RECORDS FOR THE TASK Start Marker

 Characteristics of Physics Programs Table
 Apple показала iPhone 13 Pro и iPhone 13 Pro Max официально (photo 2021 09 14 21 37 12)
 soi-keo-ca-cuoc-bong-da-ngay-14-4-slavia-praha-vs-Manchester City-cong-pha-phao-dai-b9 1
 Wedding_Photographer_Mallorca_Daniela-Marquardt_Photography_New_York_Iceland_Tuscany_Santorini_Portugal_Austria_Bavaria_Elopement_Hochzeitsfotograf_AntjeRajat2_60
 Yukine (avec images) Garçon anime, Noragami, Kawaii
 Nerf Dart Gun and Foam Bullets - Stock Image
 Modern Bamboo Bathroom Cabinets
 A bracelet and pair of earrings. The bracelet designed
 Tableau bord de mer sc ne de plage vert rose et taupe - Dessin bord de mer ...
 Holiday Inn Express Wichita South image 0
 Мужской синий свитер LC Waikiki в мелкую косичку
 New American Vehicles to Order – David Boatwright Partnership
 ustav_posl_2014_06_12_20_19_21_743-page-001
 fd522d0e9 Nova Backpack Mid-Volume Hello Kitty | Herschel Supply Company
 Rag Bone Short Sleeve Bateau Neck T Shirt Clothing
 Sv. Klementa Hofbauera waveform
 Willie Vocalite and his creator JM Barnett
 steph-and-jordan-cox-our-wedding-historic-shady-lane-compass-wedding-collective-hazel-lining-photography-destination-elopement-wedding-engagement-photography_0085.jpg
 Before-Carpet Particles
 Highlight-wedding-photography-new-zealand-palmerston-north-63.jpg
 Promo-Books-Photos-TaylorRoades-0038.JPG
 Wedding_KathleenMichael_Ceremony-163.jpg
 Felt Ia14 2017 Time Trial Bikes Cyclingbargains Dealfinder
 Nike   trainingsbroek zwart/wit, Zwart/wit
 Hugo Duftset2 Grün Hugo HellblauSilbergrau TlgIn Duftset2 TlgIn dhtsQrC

RECORDS FOR THE TASK End Marker

- **DESCRIPTION OF THE TASK**
Quote the line that contains "Мужской синий свитер" and each line after it through the end of the data, exactly, leaving out everything else.

- **WORKED SOLUTION**
 Мужской синий свитер LC Waikiki в мелкую косичку
 New American Vehicles to Order – David Boatwright Partnership
 ustav_posl_2014_06_12_20_19_21_743-page-001
 fd522d0e9 Nova Backpack Mid-Volume Hello Kitty | Herschel Supply Company
 Rag Bone Short Sleeve Bateau Neck T Shirt Clothing
 Sv. Klementa Hofbauera waveform
 Willie Vocalite and his creator JM Barnett
 steph-and-jordan-cox-our-wedding-historic-shady-lane-compass-wedding-collective-hazel-lining-photography-destination-elopement-wedding-engagement-photography_0085.jpg
 Before-Carpet Particles
 Highlight-wedding-photography-new-zealand-palmerston-north-63.jpg
 Promo-Books-Photos-TaylorRoades-0038.JPG
 Wedding_KathleenMichael_Ceremony-163.jpg
 Felt Ia14 2017 Time Trial Bikes Cyclingbargains Dealfinder
 Nike   trainingsbroek zwart/wit, Zwart/wit
 Hugo Duftset2 Grün Hugo HellblauSilbergrau TlgIn Duftset2 TlgIn dhtsQrC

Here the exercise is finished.